Baharen Phir Bhi Aayengi () is a 1966 Hindi-language romantic-tragedy film produced by Guru Dutt and directed by Shaheed Latif. It stars Dharmendra, Mala Sinha, Tanuja, Deven Verma, Rehman, Johnny Walker in lead roles. The film is still remembered for its music by O. P. Nayyar and lyrics by Sheven Rizvi, Aziz Kashmiri and for its expressionistic cinematography by K.G. Prabhakar.

Plot
Jeetendra Gupta is a reporter working in a newspaper company in Calcutta, who lives with his elder widowed sister, his niece and his best-friend Chunnilal. Jeetendra exposes dangerous working conditions in a mine owned by one of his employer's crooked creditors and consequently loses his job. Jeeten is out looking for another job when he comes across Sunita, who was about to commit suicide by jumping from the same train that night after a prank played by Vikram Verma. Jeeten prevents her from jumping and they take shelter in a hut nearby. They leave for their respective homes the next day after Sunita mistakenly thinks Jeeten's name was actually Chunnilal. When disaster strikes at the mine (as predicted by Jeeten), Amita, managing director of the newspaper and daughter of the paper's deceased founder realised her mistake and re-employs him as the editor of the newspaper. However, her interest in him is more than just journalism as she gradually starts developing feelings towards him.

Meanwhile, Sunita has also started developing feelings for Jeeten (who she thinks is Chunnilal) and writes him a letter asking him to meet her. Jeeten finally meets Sunita and reciprocates Sunita's feelings for him. They keep dating for some time. On one weekend, Jeeten came to Sunita's house only to realise that Amita was Sunita's elder sister.

Shortly afterwards, the Indo-China war takes place and Jeeten decides to travel to Tezpur to report about the Indian Army's bravery in holding off the Chinese forces there. Amita goes to find Jeeten only to see him and Sunita together in each other's arms. She becomes heartbroken but still wants her sister to be happy with Jeeten. Meanwhile, Jeeten finds a damaged bridge which broke within a year of its construction. He learns that the same people who financed the mine were behind this and gathers evidence to publish.

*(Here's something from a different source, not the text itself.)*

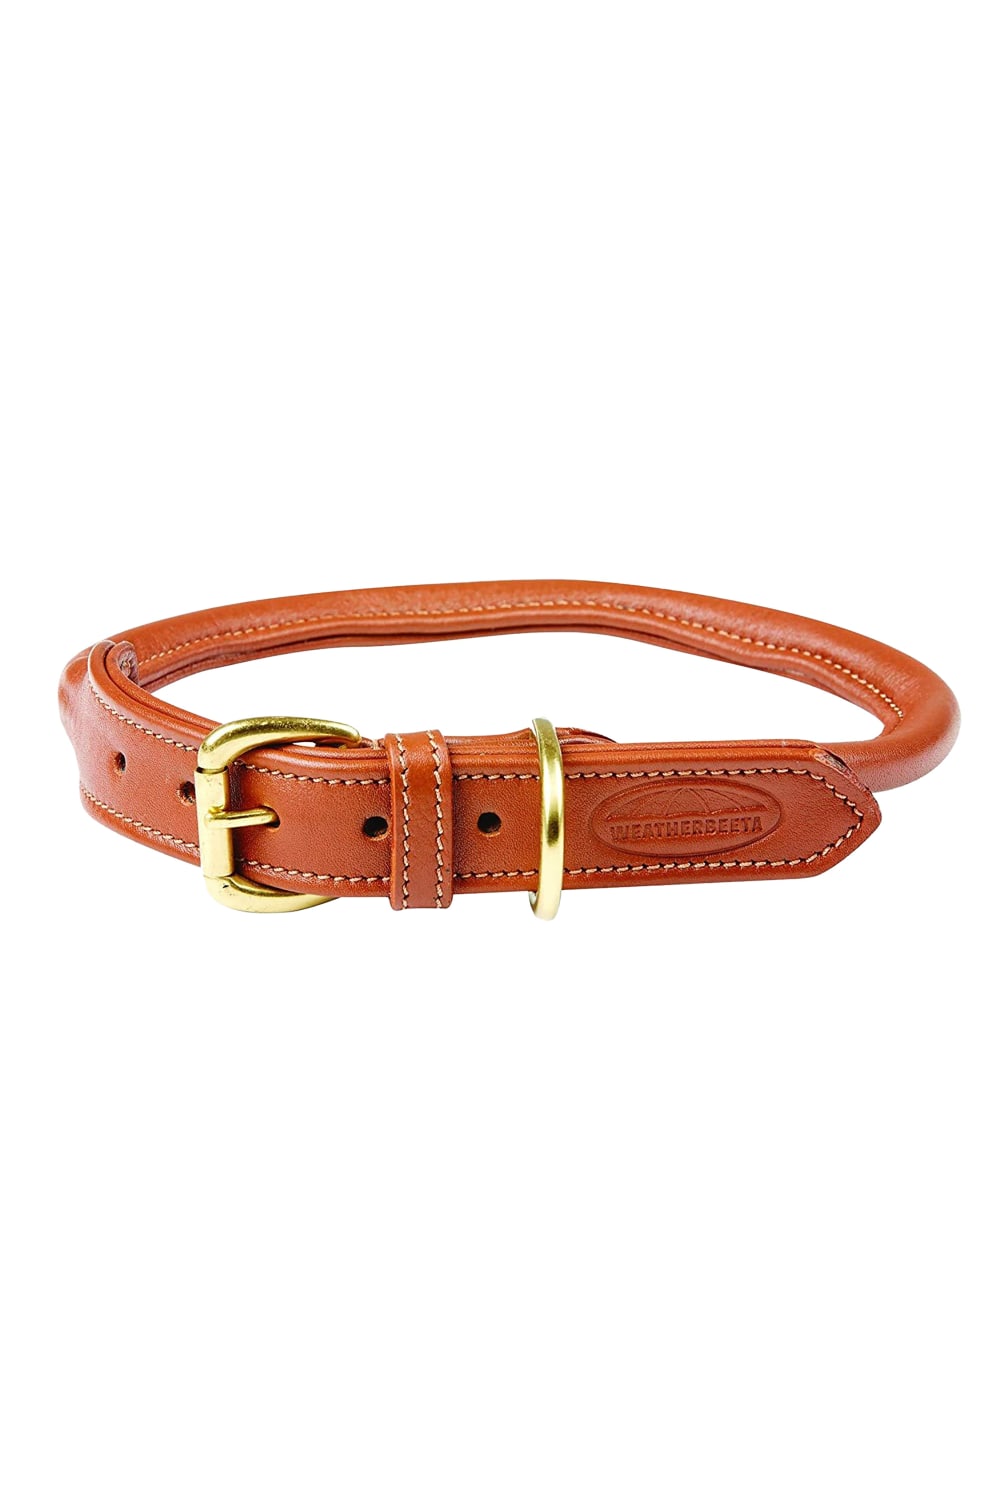 Weatherbeeta Rolled Leather Dog Collar (Tan) (M)

The creditors are enraged and want Jeeten to be removed from the company. Mr. Verma, elder brother of Vikram, reveals to Jeeten that Amita owed lots of money to the same creditors and Jeeten, in order to save Amita, leaves his job. Amita becomes desperate to bring him back and when confronted by Mr. Verma, she reveals that she is in love with Jeeten. Sunita overhears this and is devastated. She leaves the house to marry Vikram in order to make her sister be with Jeeten. She even lies to Jeeten to make it easier for him to move on from her.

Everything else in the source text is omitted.